Since when are you out at work?
I have been out at work for at least 15 years, since I started working in law in fact. Before then, I had to face the sad reality on how being gay was perceived in the workplace and how it would even be relevant in the workplace. At my first ‘career’ job, on the induction day, I was due to meet Andrew, the payroll guy. Beforehand however I was told : ‘by the way he is one of them’. I didn’t really know what to do with this information. It didn’t cross my mind something like this could happen. I was sad because I didn’t say anything, should I have? Nevertheless, said Andrew has been a dear friend ever since, and was best man at my wedding.
How did you feel the first time(s) you came out to your family, friends and workplace?
My coming-out moments were always slightly strange. I have always felt somewhat embarrassed to have to come out again and again. I grew up in a very open family. My parents taught me to see the person, the human in people being before other things. When I came out to my father, he said ‘I don’t care what you do in bed, live your life the way you want’. My parents are both wonderful.

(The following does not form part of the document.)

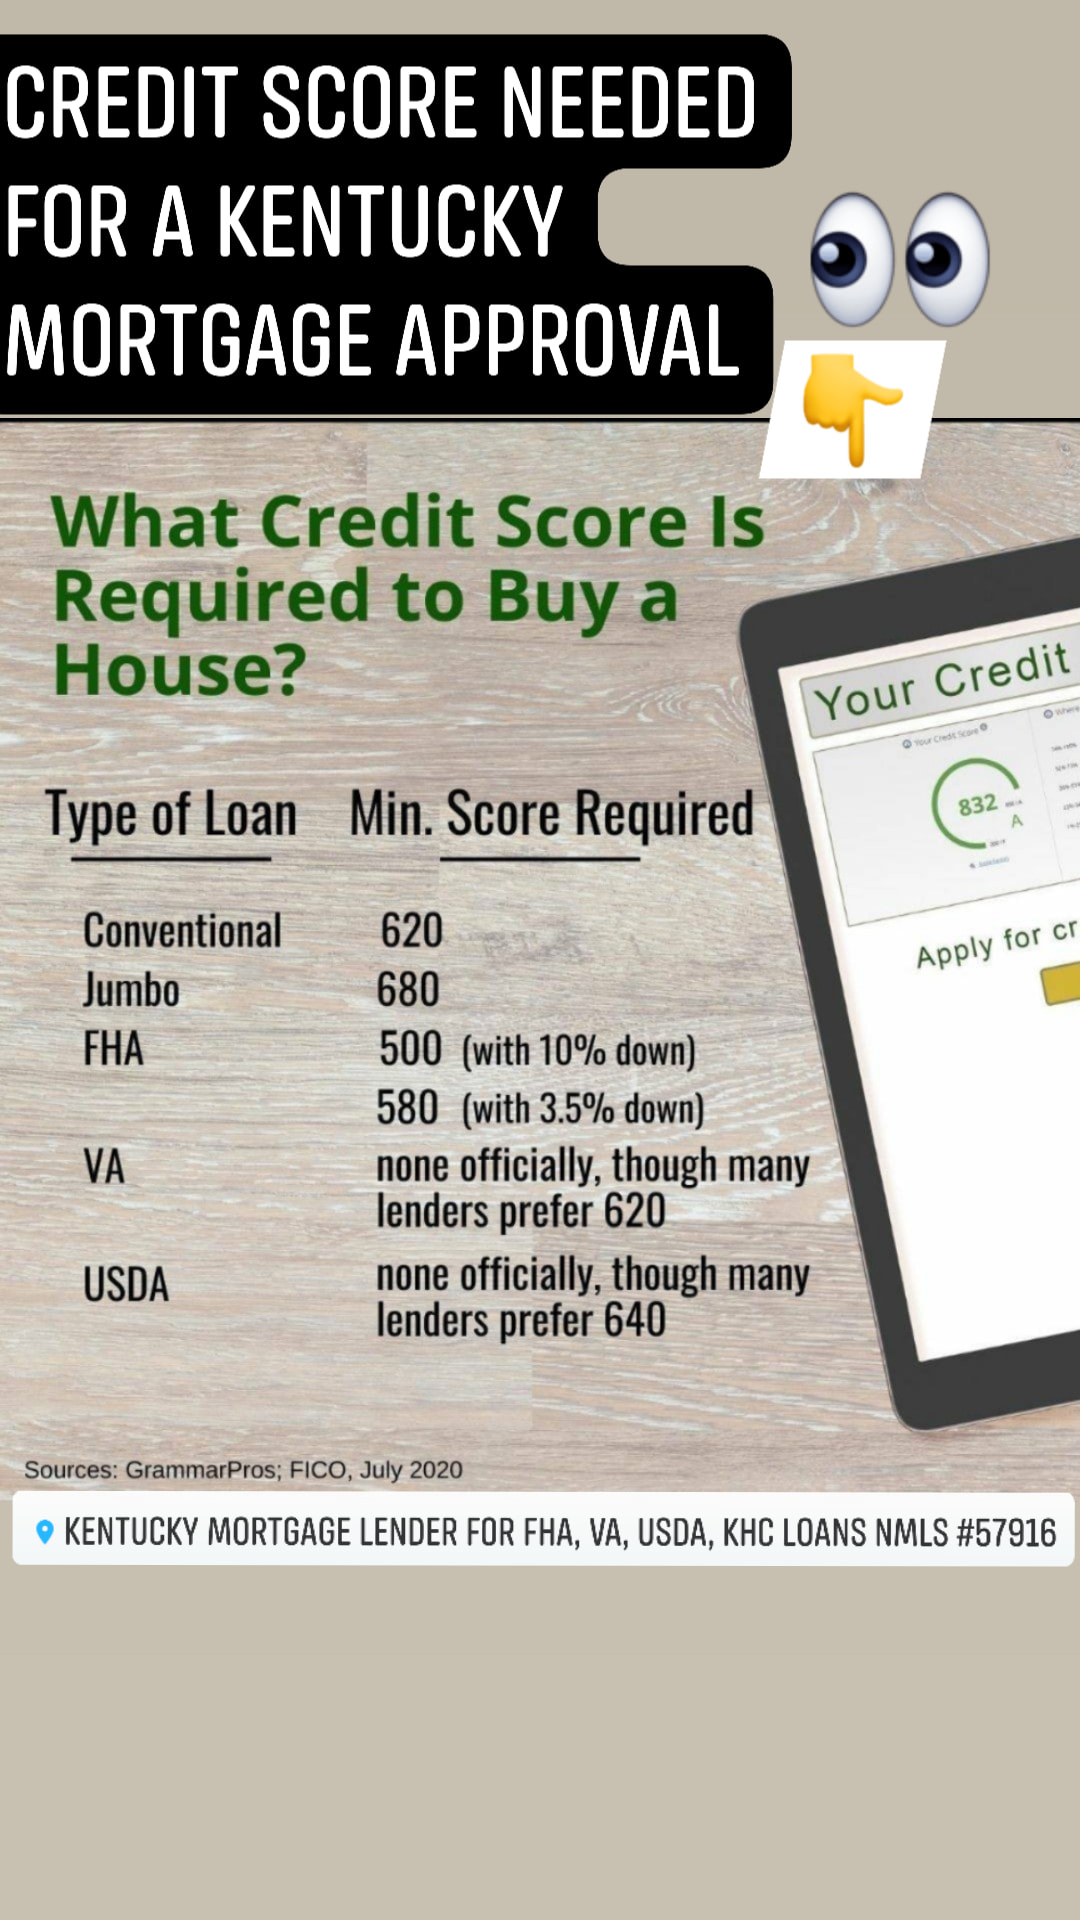 Credit Scores Required For A Kentucky Mortgage Loan Approval in 2021   What kind of credit score do I need to qualify for different first time home buyer loans in Kentucky?

I knew I was different from a very young age. I went to an all girls schooI, there I saw bullying about sexuality and feminine identity and I certainly didn’t come out until I was at University. Going back to London, my home town, after University was weird because I had to came out to my childhood friends, and I was a very different person to who I was when I left.
It seems your sexuality has turned out to be an advantage in the workplace for you? how is it the case?
Actually I would say that it is my professional difference, my confidence and drive that creates the advantage, not my sexuality. I have certainly learnt through experience to normalise reference to my sexuality in the workplace, for example I talk about my wife whenever the “how was your weekend?” conversation starts.
Do you think ‘being different’ is more a drawback or an advantage that everyone should use to progress in their career?
I believe people that come out and want to become Role Models need to have the mindset for it . You need to be brave, you have to be prepared to be in the spotlight at all times, you need to consider why it matters to be a role-model. You need to use this as an armour, for your personal resilience. Mindset is everything.